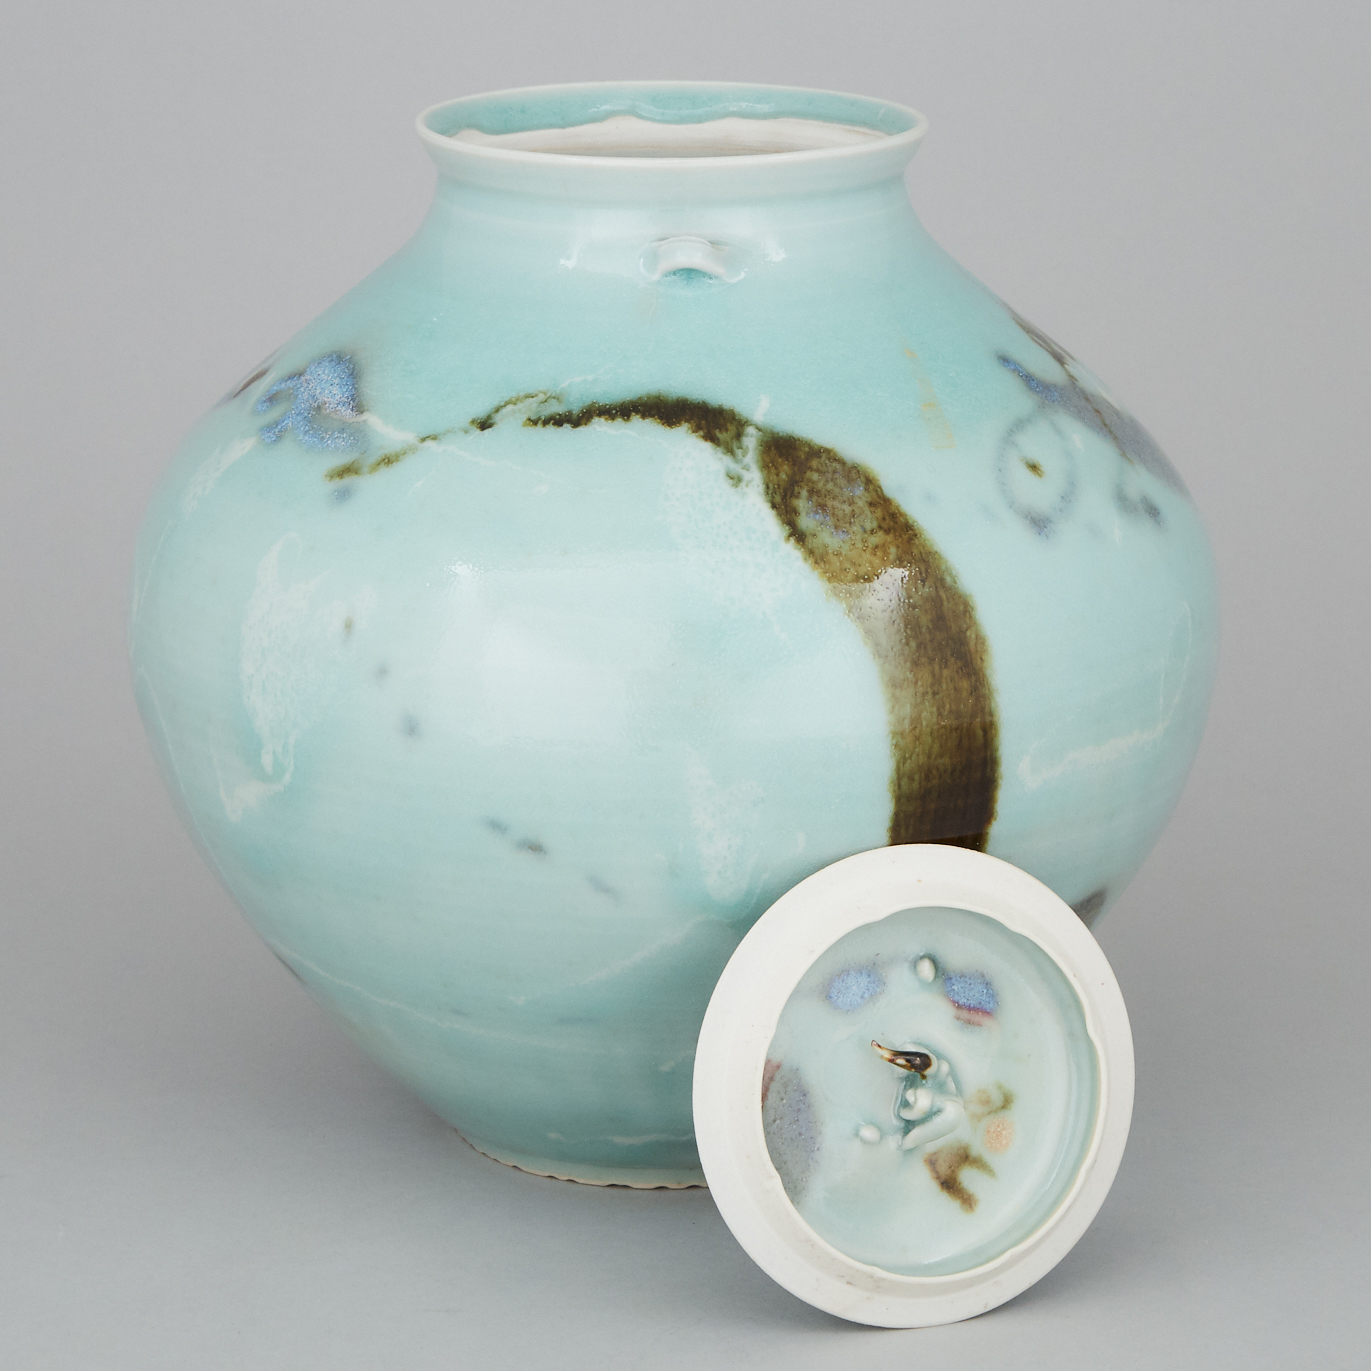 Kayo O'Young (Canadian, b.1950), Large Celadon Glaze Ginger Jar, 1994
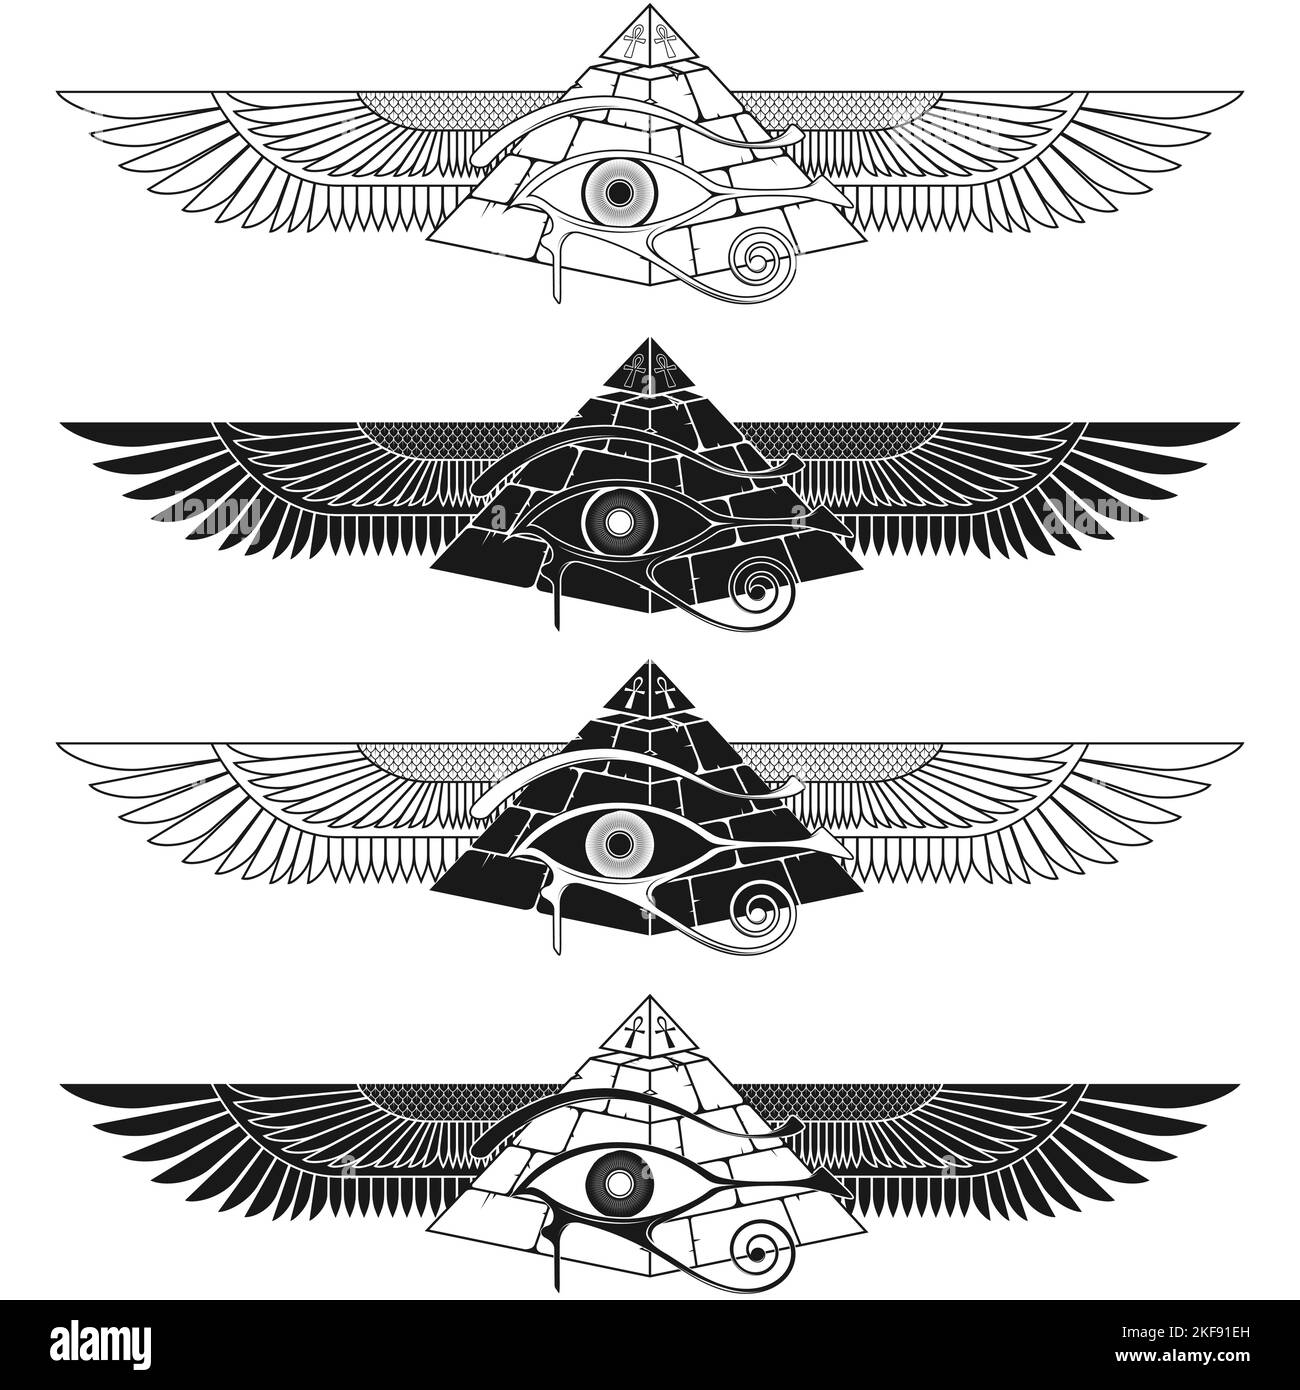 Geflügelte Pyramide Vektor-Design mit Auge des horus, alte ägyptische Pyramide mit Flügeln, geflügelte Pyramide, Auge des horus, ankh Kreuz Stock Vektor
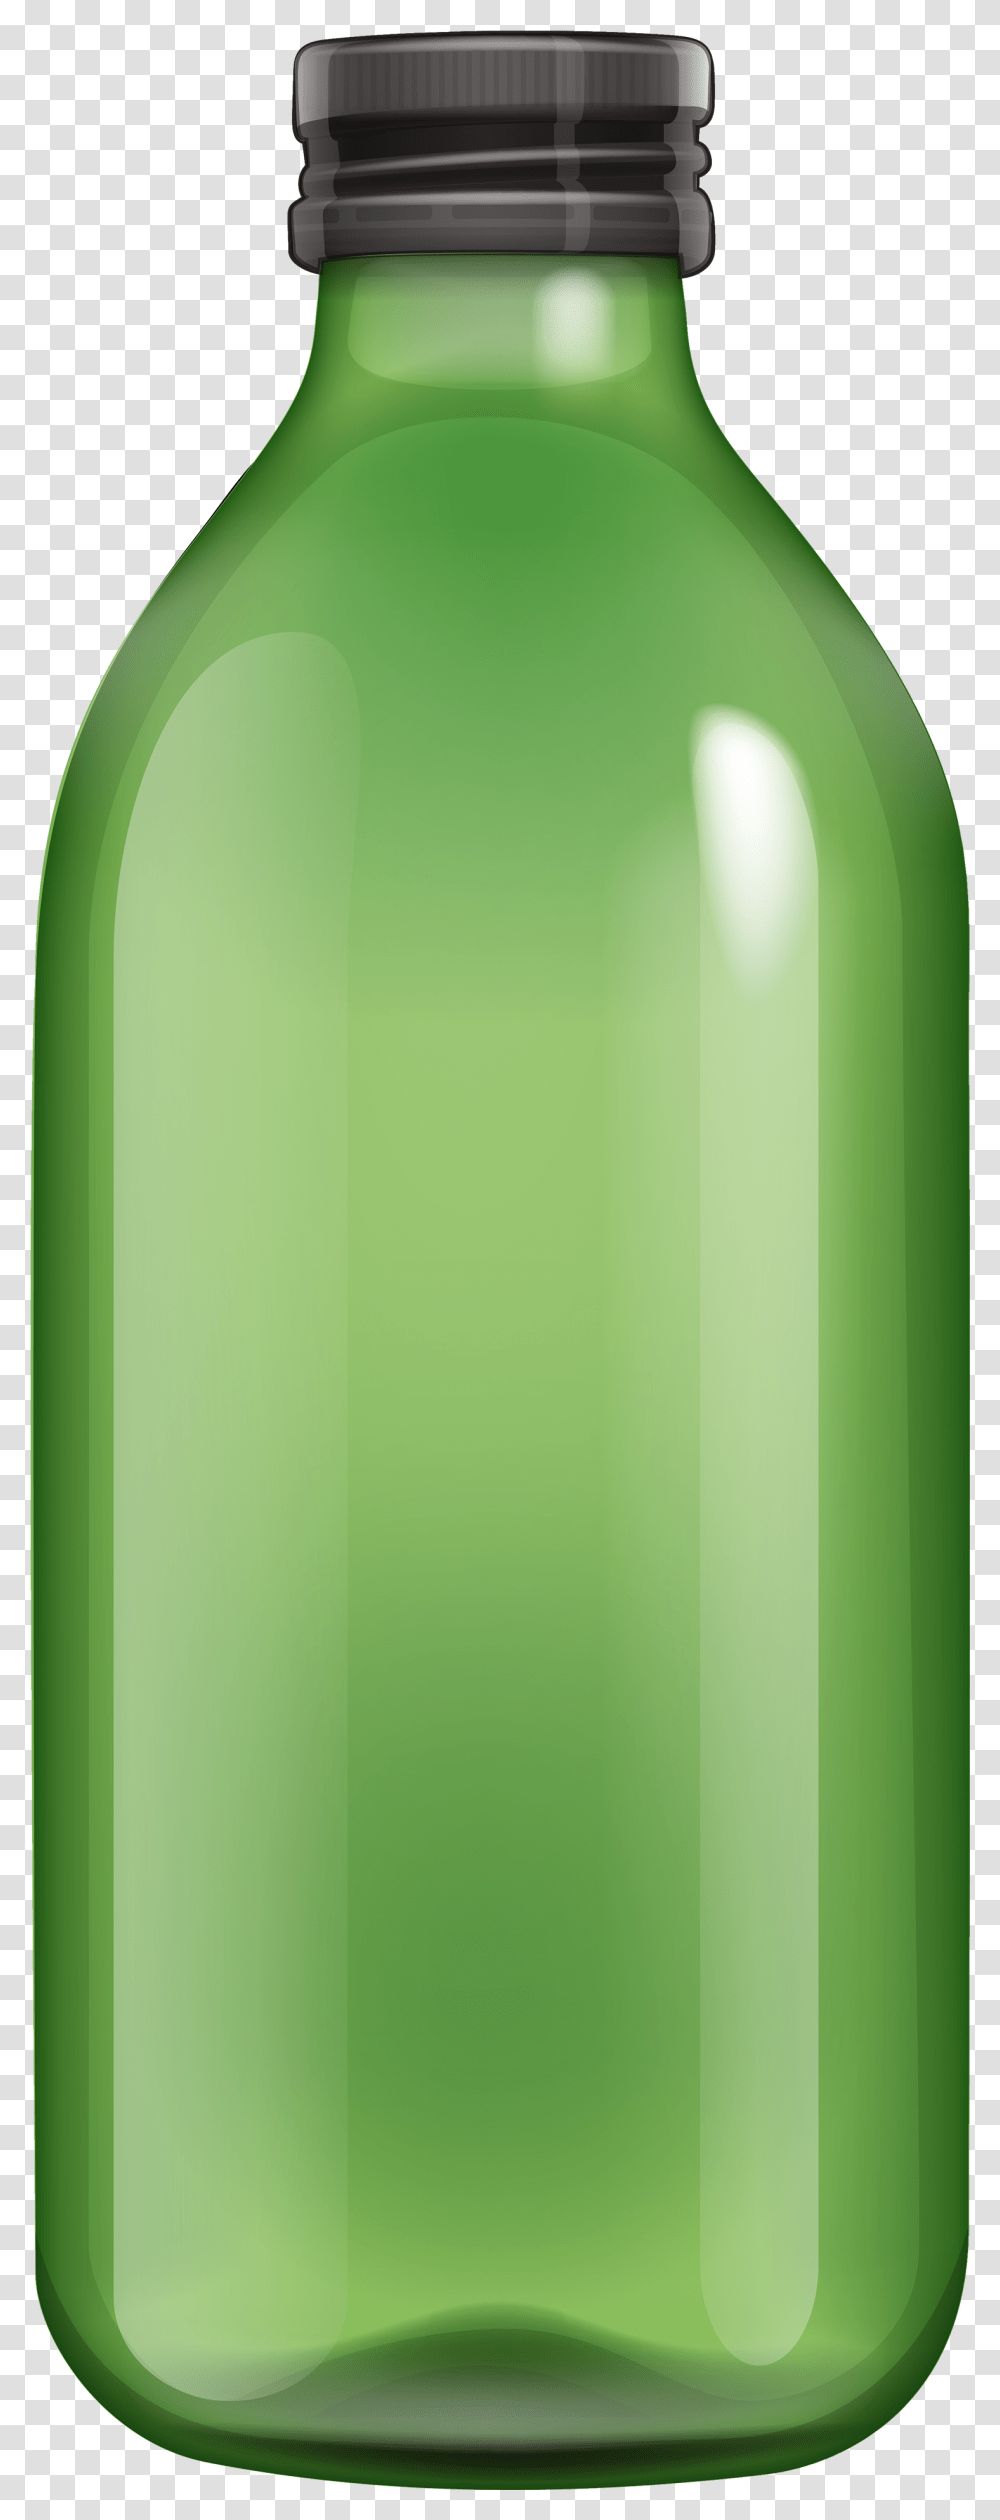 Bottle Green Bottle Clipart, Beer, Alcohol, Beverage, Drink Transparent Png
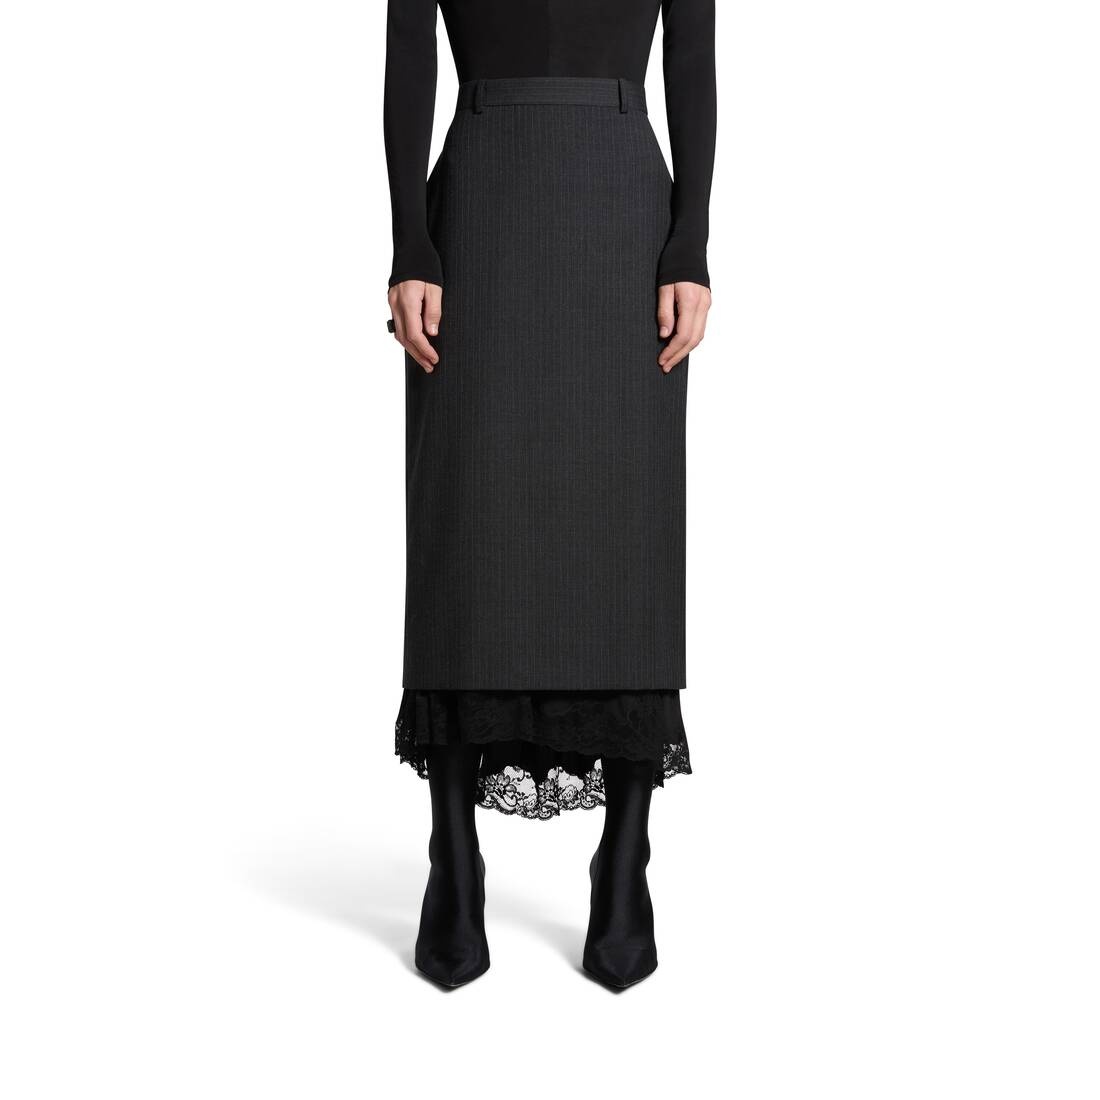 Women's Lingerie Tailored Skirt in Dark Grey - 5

What the exercise asks: The pictures are to be omitted, and the rest of the listing is to be transcribed exactly.

Solved exercise:
 Kayo O'Young (Canadian, b.1950), Large Celadon Glaze Ginger Jar, 1994
 Geflügelte Pyramide Vektor-Design mit Auge des horus, alte ägyptische Pyramide mit Flügeln, geflügelte Pyramide, Auge des horus, ankh Kreuz Stock Vektor
 Bottle Green Bottle Clipart, Beer, Alcohol, Beverage, Drink Transparent Png
 Women's Lingerie Tailored Skirt in Dark Grey - 5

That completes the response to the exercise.